Далеко не про каждого человека скажешь, что он заслуживает искренней благодарности тех людей, с которыми сталкивался и которые, разумеется, способны на это чувство благодарности. Фролов сделал столько добра окружавшим его людям, что, несмотря на все трения и возникавшие с некоторыми из них взаимонепонимания, у меня нет ни малейшего сомнения в их очистившемся сейчас от мелких недоумений чувстве благодарности к этому выдающемуся человеку. Заканчивая свое выступление, хочу сказать, что мы еще долго будем вспоминать об этой эпохе длиною в четверть века, особенно если она не дай Бог завершится, мы будем помнить, что мы пережили в нашей истории самую свободную эпоху, которая в России была, а одним из создателей этой эпохи был Иван Тимофеевич Фролов. За это и за многое другое ему спасибо.
13. Что-то вроде инициации
(Столкновение с Л. Ф. Ильичёвым)
Так получилось, что по натуре, по жизни, в советское время я воспитал в себе принципиальное аутсайдерство.

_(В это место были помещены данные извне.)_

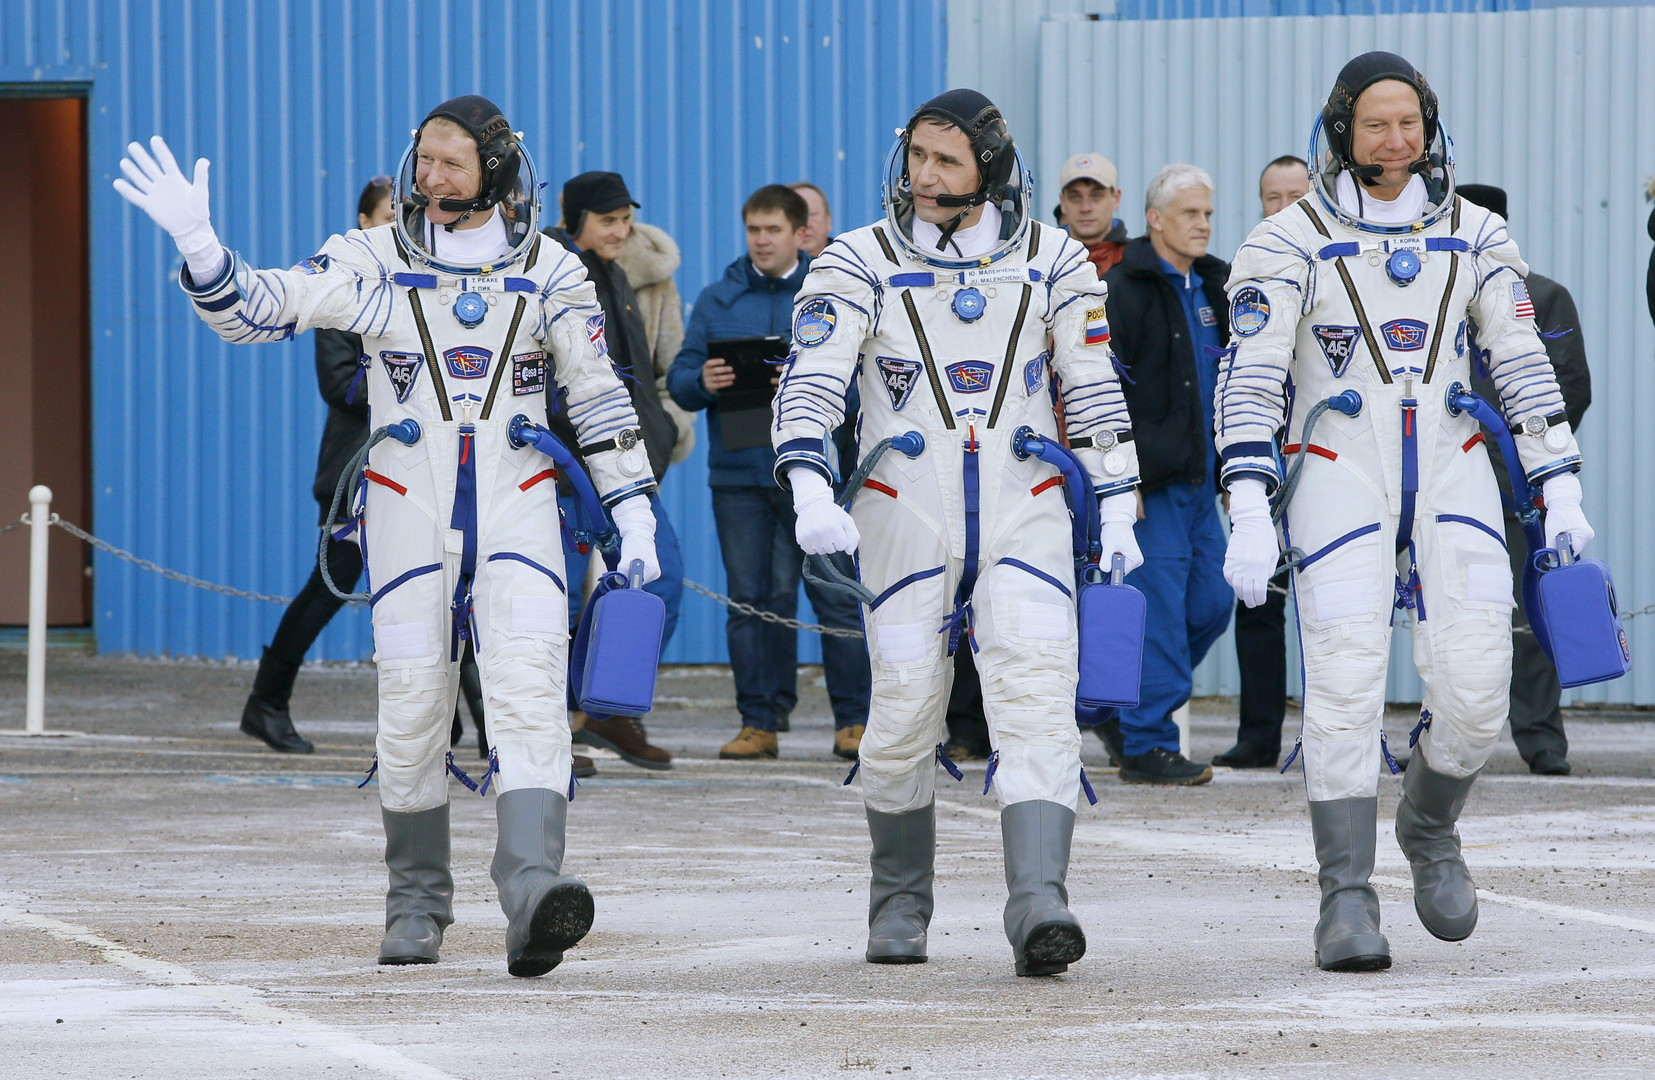 Tim Peake, Youri Malenchenko et Tim Kopra

Никогда никуда не избирался, не лез даже в школьную власть. Мне хватило того, что после первого класса меня назначили в пионерлагере командиром отряда. А потом и в пионерах, и в комсомоле увиливал от всех возможных начальственных постов. Никаких протестных жестов, просто претило. Тут надо добавить биографическую подробность, что моя
В журнал «Вопросы философии» в 1974 г. попал по протекции Мераба Мамардашвили, лекции которого я ходил слушать, а потом в послелекционных разговорах он узнал, что я без работы. И отправил в журнал, где сам работал заместителем главного редактора. Но решал не он, а главный, Иван Фролов. Опять же необходимо добавить, что и Мамардашвили, и Фролов учились в университете вместе с моим отцом. Прежде чем взять меня на работу, Иван Фролов предложил мне отредактировать одну статью, написать отзыв на другую и показать свои публикации. В журнале «Вопросы литературы» у меня была большая статья о Михаиле Каткове как трагической фигуре русской истории, совсем не ортодоксальная. Но, видимо, это ему и понравилось. Наконец, меня вызвали в журнал, пригласили в кабинет Главного. Фролов сидел за столом, в углу в кресле сидел Мераб.

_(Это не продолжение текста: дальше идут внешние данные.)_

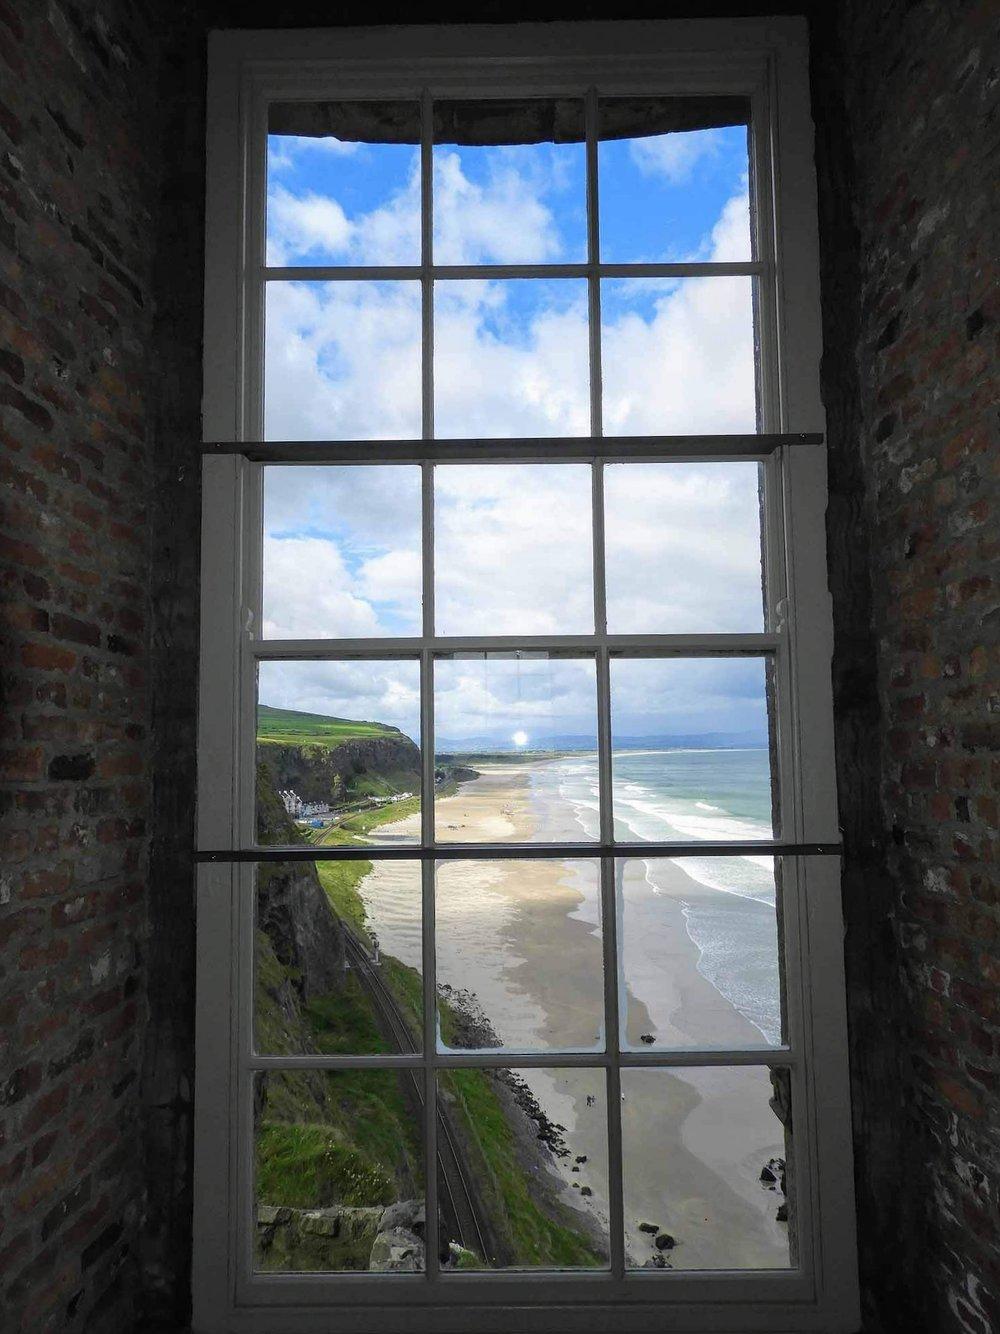 northern-ireland-coast-downhill-demesne-national-trust-window-view.jpg

Мераб Константинович Мамардашвили
Фролов сказал: «Отзыв хорошо написали, отредактировали тоже нормально, сами писать умеете. Вы нам подходите. Последний вопрос: вы член партии?» Я посмотрел вопросительно на Мераба, тот сквозь темные очки смотрел на свою трубку, вертел ее в руках, начал набивать табаком. И неожиданно я сообразил: «Но я же член ВЛКСМ». Я уже года три не платил взносов, а тут вспомнил, что там состоят до 28 лет. А мне еще 27, а потом меня оттуда никто не выгонял. Я и сказал про комсомольское членство. «Слава Богу!» – воскликнул главный редактор. И я был принят на работу.
Месяца через два случился первый намек на необходимость инициации. Ведь, если разобраться, что такое инициация? Это, когда ты становишься таким, как все, на равных правах вступаешь в стаю. Фролов вызвал меня в кабинет: «Нам разнарядку спустили, дают одно место для вступления в партию. Я хочу, чтобы ты подал бумаги». Это был караул. Получая уже два месяца зарплату, остаться опять без копейки не хотелось. Но в партию еще больше не хотелось. Попробовал отшутиться: «А в какую партию, Иван Тимофеевич?» Он поднял брови: «То есть?» Продолжая свою полушутку, я пробормотал: «Я бы предпочел кадетскую». Он оторопело посмотрел на меня, потом засмеялся: «Ладно, иди». И больше этих вопросов не было.
Но испытание было еще впереди. Назвать ли его инициацией? Не знаю. Судить читателю.
Был такой в советское время политический деятель Леонид Федорович Ильичёв. Говорят, принимал серьезное участие в разгроме выставки в Манеже в 1963 г., потом запретил фильм «Застава Ильича». Остряки хохмили, что на пути фильма встала «застава Ильичева». Человек был весьма важный. В 1958–1961 гг. заведующий Отделом пропаганды и агитации ЦК партии. В 1961–1965 гг. секретарь ЦК КПСС и председатель Идеологической комиссии ЦК КПСС.